Here’s the contingency table.

sepsis <- read_csv("data/sepsis.csv",
                   show_col_types = FALSE) |>
    mutate(treat = factor(treat),
           race = factor(race))


sepsis <- sepsis |>
    mutate(dropped = ifelse(temp_drop > 0, "Drop", "No Drop"))

sepsis |> tabyl(treat, dropped) |> 
    adorn_totals() |>
    adorn_percentages(denom = "row") |>
    adorn_pct_formatting(digits = 1) |>
    adorn_ns(position = "front")
     treat        Drop     No Drop
 Ibuprofen 107 (71.3%)  43 (28.7%)
   Placebo  80 (53.3%)  70 (46.7%)
     Total 187 (62.3%) 113 (37.7%)

In our sample, we observe 71.3% of the 150 Ibuprofen subjects with a positive temp_drop as compared to 53.3% of the 150 Placebo subjects. We want to compare these two probabilities (represented using proportions as 0.713 vs. 0.533) to estimate the size of the difference between the proportions with a point estimate and 90% confidence interval.

But there are other comparisons we could make, too. The tricky part is that we have multiple ways to describe the relationship between treatment and outcome. We might compare outcome “risks” directly using the difference in probabilities, or the ratio of the two probabilities, or we might convert the risks to odds, and compare the ratio of those odds. In any case, we’ll get different point estimates and confidence intervals, all of which will help us make conclusions about the evidence available in this trial speaking to differences between Ibuprofen and Placebo.

26.3 Relating a Treatment to an Outcome

The question of interest is whether the percentage of subjects whose temperature dropped is different (and probably larger) in the subjects who received Ibuprofen than in those who received the Placebo.

Treatment Arm Dropped Did Not Drop Total Proportion who dropped
Ibuprofen 107 43 150 0.713
Placebo 80 70 150 0.533

In other words, what is the relationship between the treatment and the outcome?

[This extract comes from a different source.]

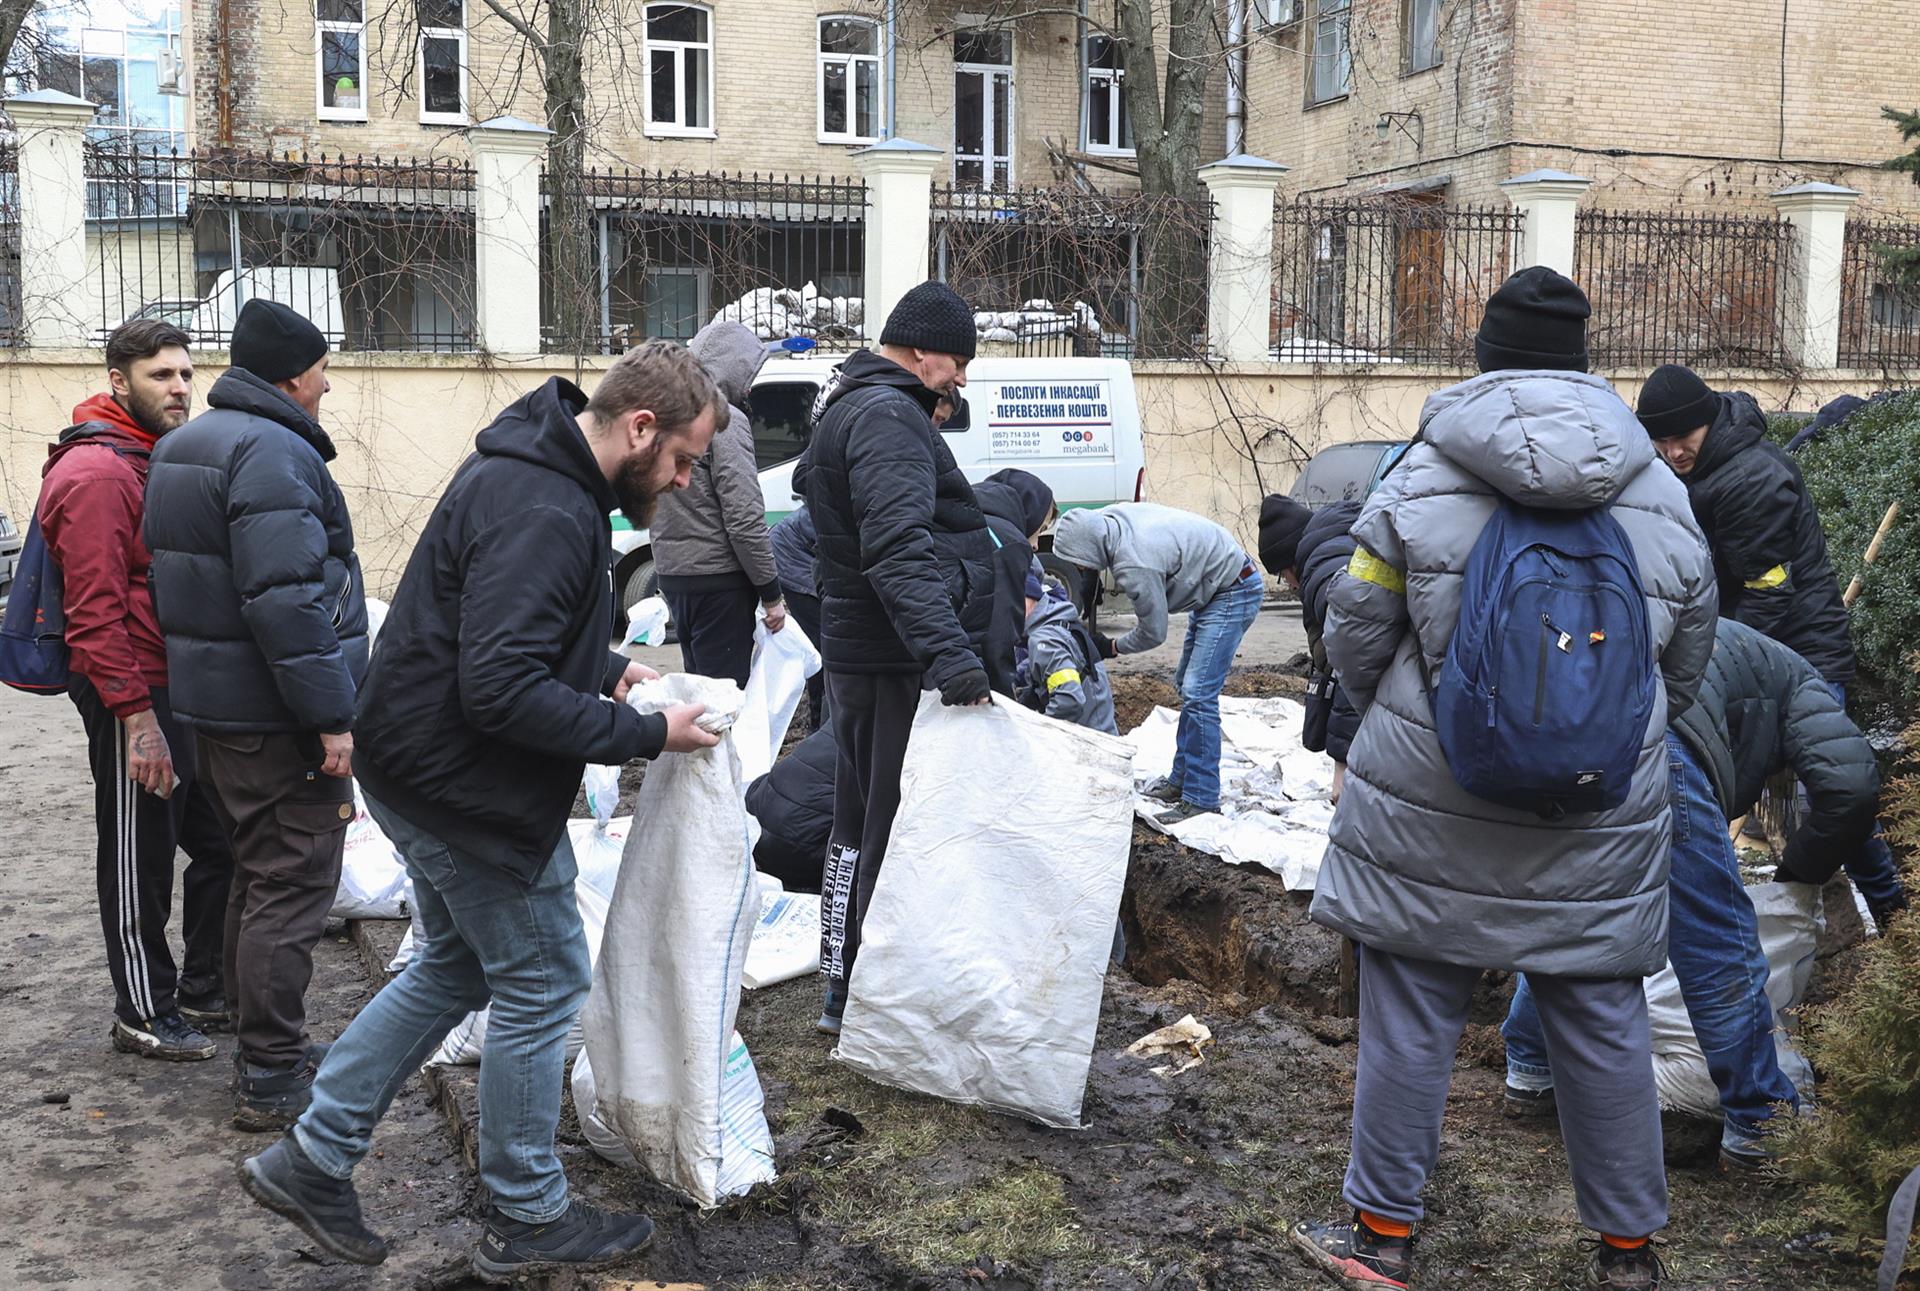 Civiles construyen barricadas en la ciudad ucraniana de Járkov.

26.4 Definitions of Probability and Odds

  • Proportion = Probability = Risk of the trait = number with trait / total
  • Odds of having the trait = (number with the trait / number without the trait) to 1

If p is the proportion of subjects with a trait, then the odds of having the trait are \(\frac{p}{1-p}\) to 1.

So, the probability of a good result (temperature drop) in this case is \(\frac{107}{150} = 0.713\) in the Ibuprofen group. The odds of a good result are thus \(\frac{0.713}{1 - 0.713} = 2.484\) to 1 in the Ibuprofen group.

Treatment Arm Dropped Did Not Drop Total Pr(dropped) Odds(dropped)
Ibuprofen 107 43 150 0.713 2.484
Placebo 80 70 150 0.533 1.141

26.5 Defining the Relative Risk

Among the Ibuprofen subjects, the risk of a good outcome (drop in temperature) is 71.3% or, stated as a proportion, 0.713. Among the Placebo subjects, the risk of a good outcome is 53.3% or, stated as a proportion, 0.533.

Our “crude” estimate of the relative risk of a good outcome for Ibuprofen subjects as compared to Placebo subjects, is the ratio of these two risks, or 0.713/0.533 = 1.338

  • The fact that this relative risk is greater than 1 indicates that the probability of a good outcome is higher for Ibuprofen subjects than for Placebo subjects.
  • A relative risk of 1 would indicate that the probability of a good outcome is the same for Ibuprofen subjects and for Placebo subjects.
  • A relative risk less than 1 would indicate that the probability of a good outcome is lower for Ibuprofen subjects than for Placebo subjects.

26.6 Defining the Risk Difference

Our “crude” estimate of the risk difference of a good outcome for Ibuprofen subjects as compared to Placebo subjects, is 0.713 - 0.533 = 0.180 or 18.0 percentage points.

  • The fact that this risk difference is greater than 0 indicates that the probability of a good outcome is higher for Ibuprofen subjects than for Placebo subjects.
  • A risk difference of 0 would indicate that the probability of a good outcome is the same for Ibuprofen subjects and for Placebo subjects.
  • A risk difference less than 0 would indicate that the probability of a good outcome is lower for Ibuprofen subjects than for Placebo subjects.

26.7 Defining the Odds Ratio, or the Cross-Product Ratio

Among the Ibuprofen subjects, the odds of a good outcome (temperature drop) are 2.484. Among the placebo subjects, the odds of a good outcome (temperature drop) are 1.141.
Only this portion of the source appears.